We Tried Different Ways to Give Claude Code Access to a Web Browser
At Ritza, we build proof-of-concept applications for clients when documenting their products. AI coding agents handle simple projects well, registration pages, login flows, and to-do apps take minutes. But our clients like full MVPs that showcase what their product can do.
An AI coding agent will tell you, "Perfect! The application is ready to test now," when the UI is broken or features don't function. We needed a way for Claude Code, our favorite coding agent, to test its own work before declaring the task done.
We tested two browser automation approaches: dev-browser (a Playwright-based skill) and Claude Code's official Chrome extension. We built the same documentation builder app twice, tracked token usage, and measured completion time for identical tasks.
Dev-browser used an average 33% fewer tokens and finished complex workflows in half the time. Here's what we learned.
Test methodology
We tested both tools with identical tasks using the same prompts in separate Claude Code sessions to prevent context carryover. Each test started fresh with no prior context to ensure fair comparison.
We tracked token usage using ccusage and manual tracking, and measured the time for each task completion. Our measurements have a margin of error of 7-10%, but the performance differences between tools are large enough that this margin doesn't affect our conclusions.
Note: The token counts reported in this article (13k, 8k, 22k, 45k) reflect the visible token usage shown in Claude Code's interface.
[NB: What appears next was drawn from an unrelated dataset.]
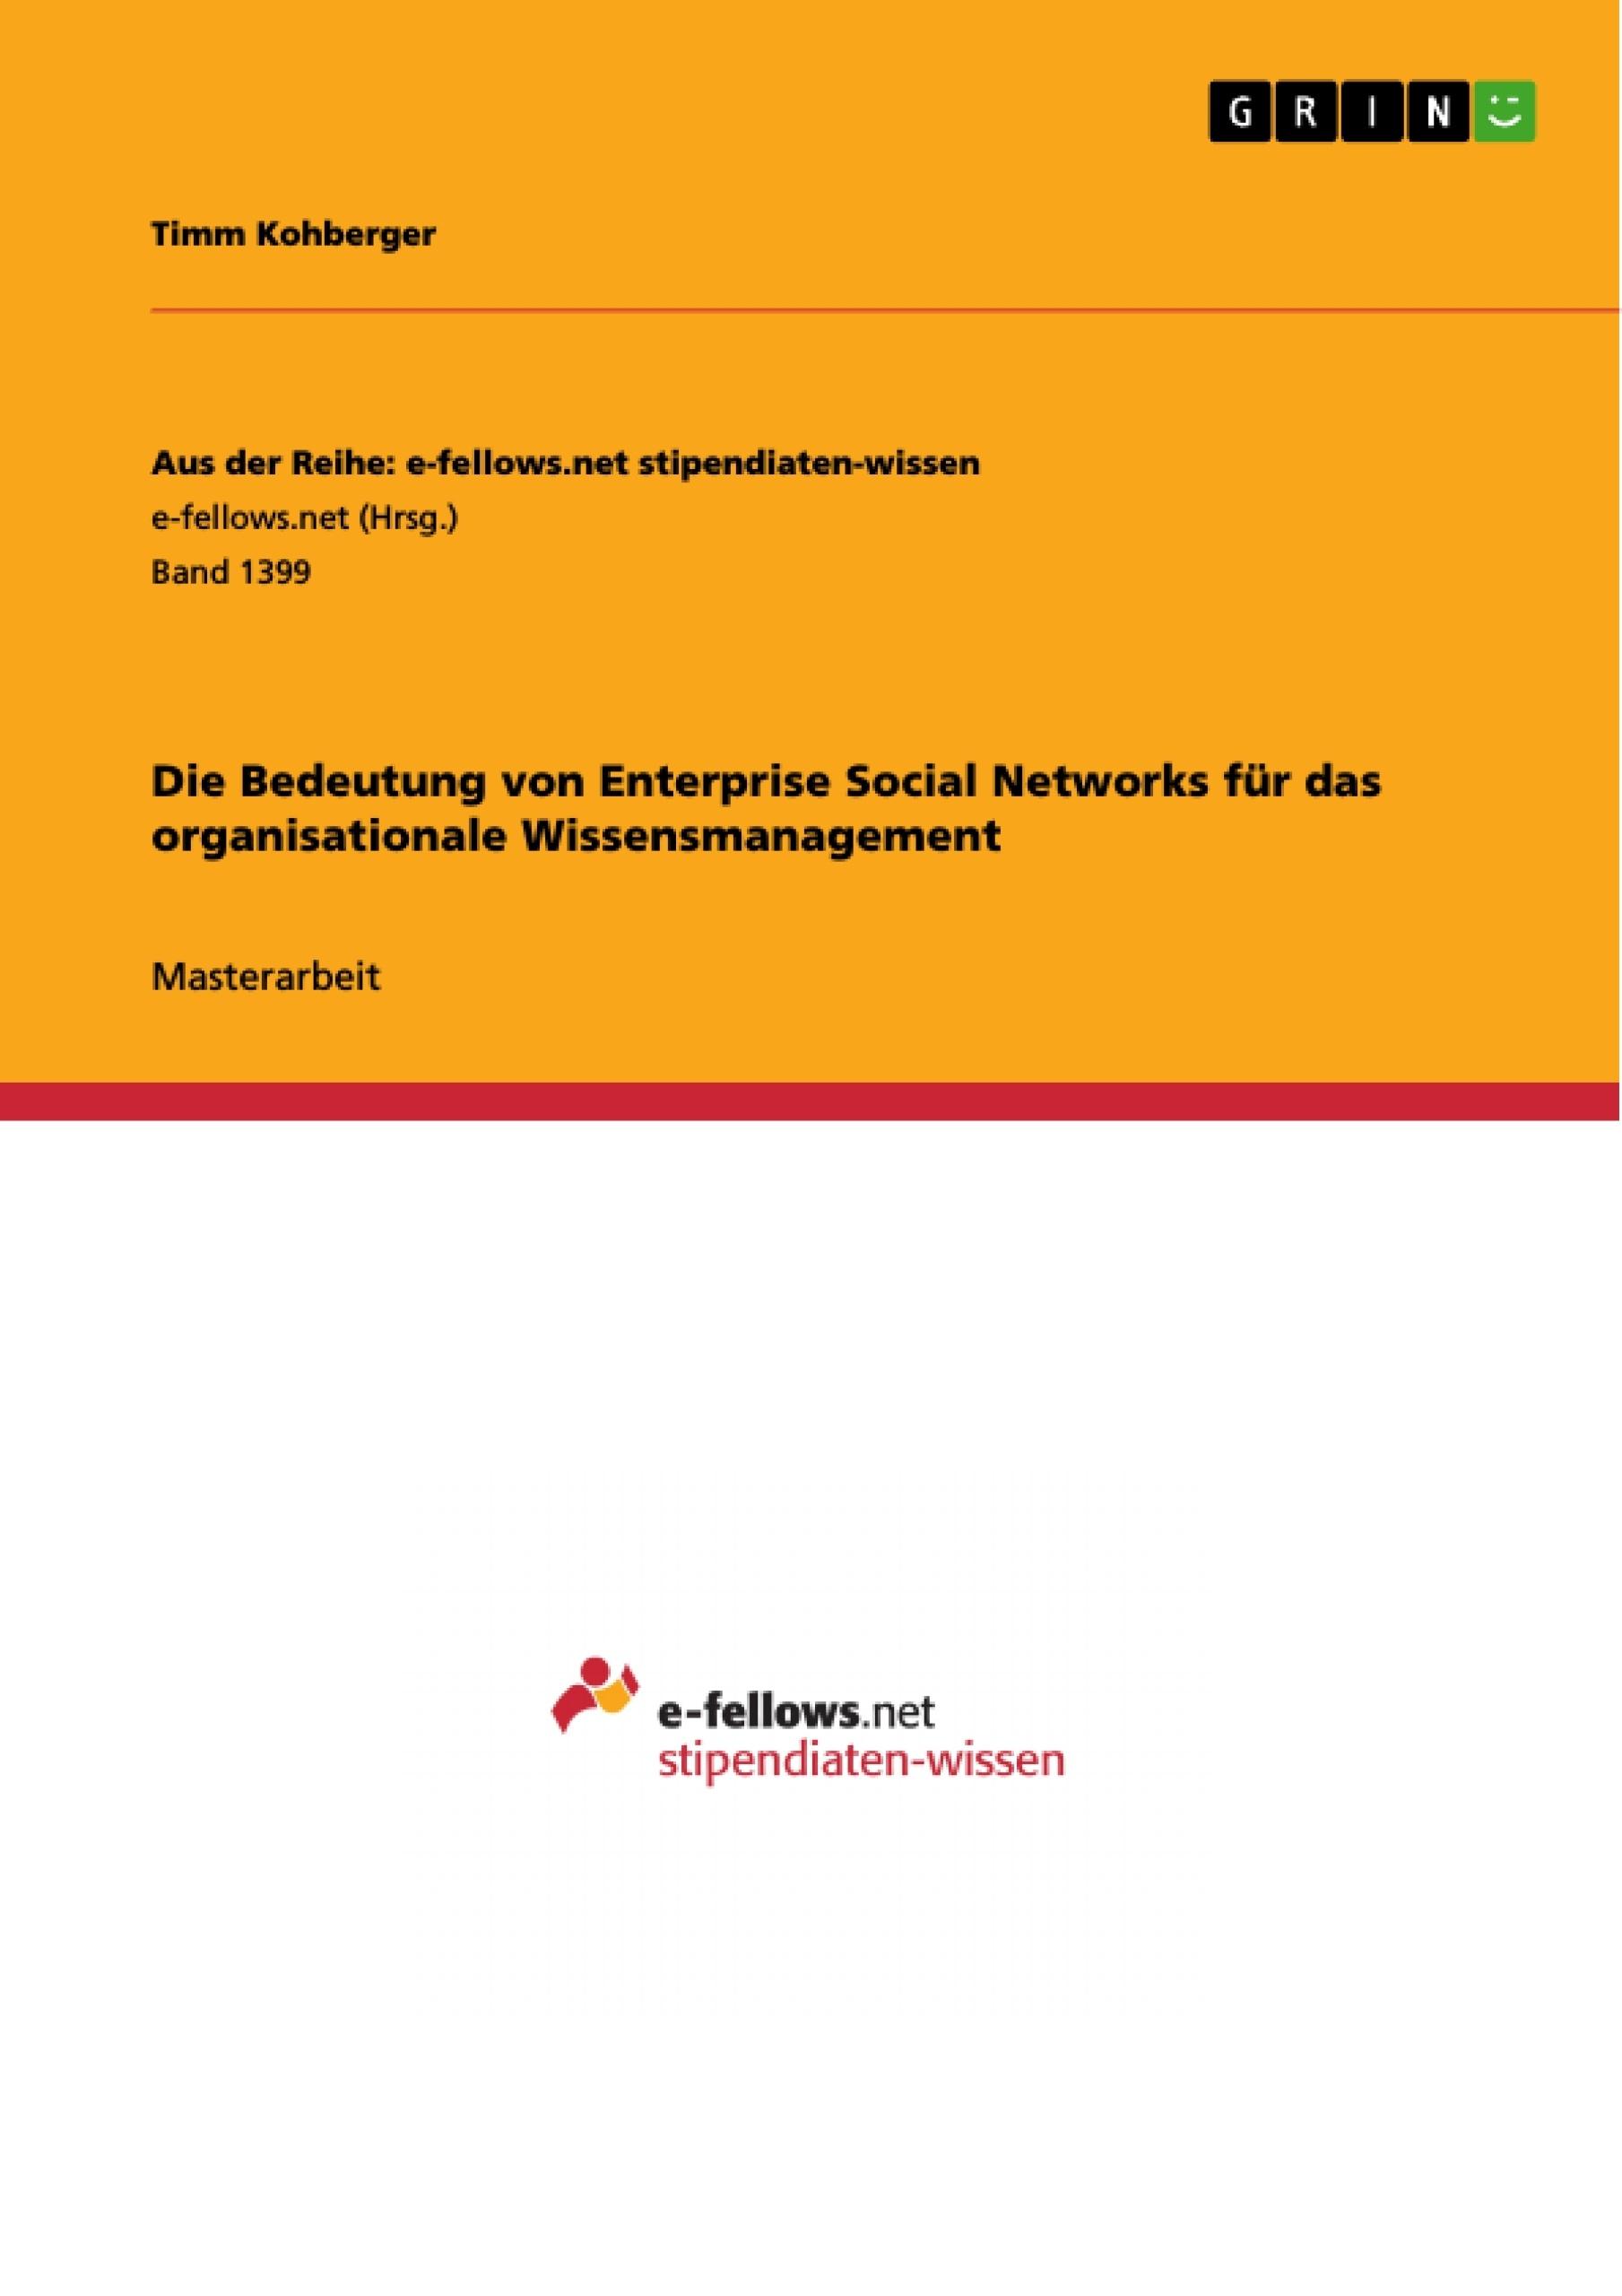 Titel: Die Bedeutung von Enterprise Social Networks für das organisationale Wissensmanagement

However, the actual API costs are higher because Claude Code performs additional work behind the scenes, cache reads, cache writes, and other operations not displayed in the UI. For reference, a typical day of building this documentation app, and testing with both tools consumed approximately 28 million tokens (including cache operations) at a cost of $12.58, as shown in our API usage logs.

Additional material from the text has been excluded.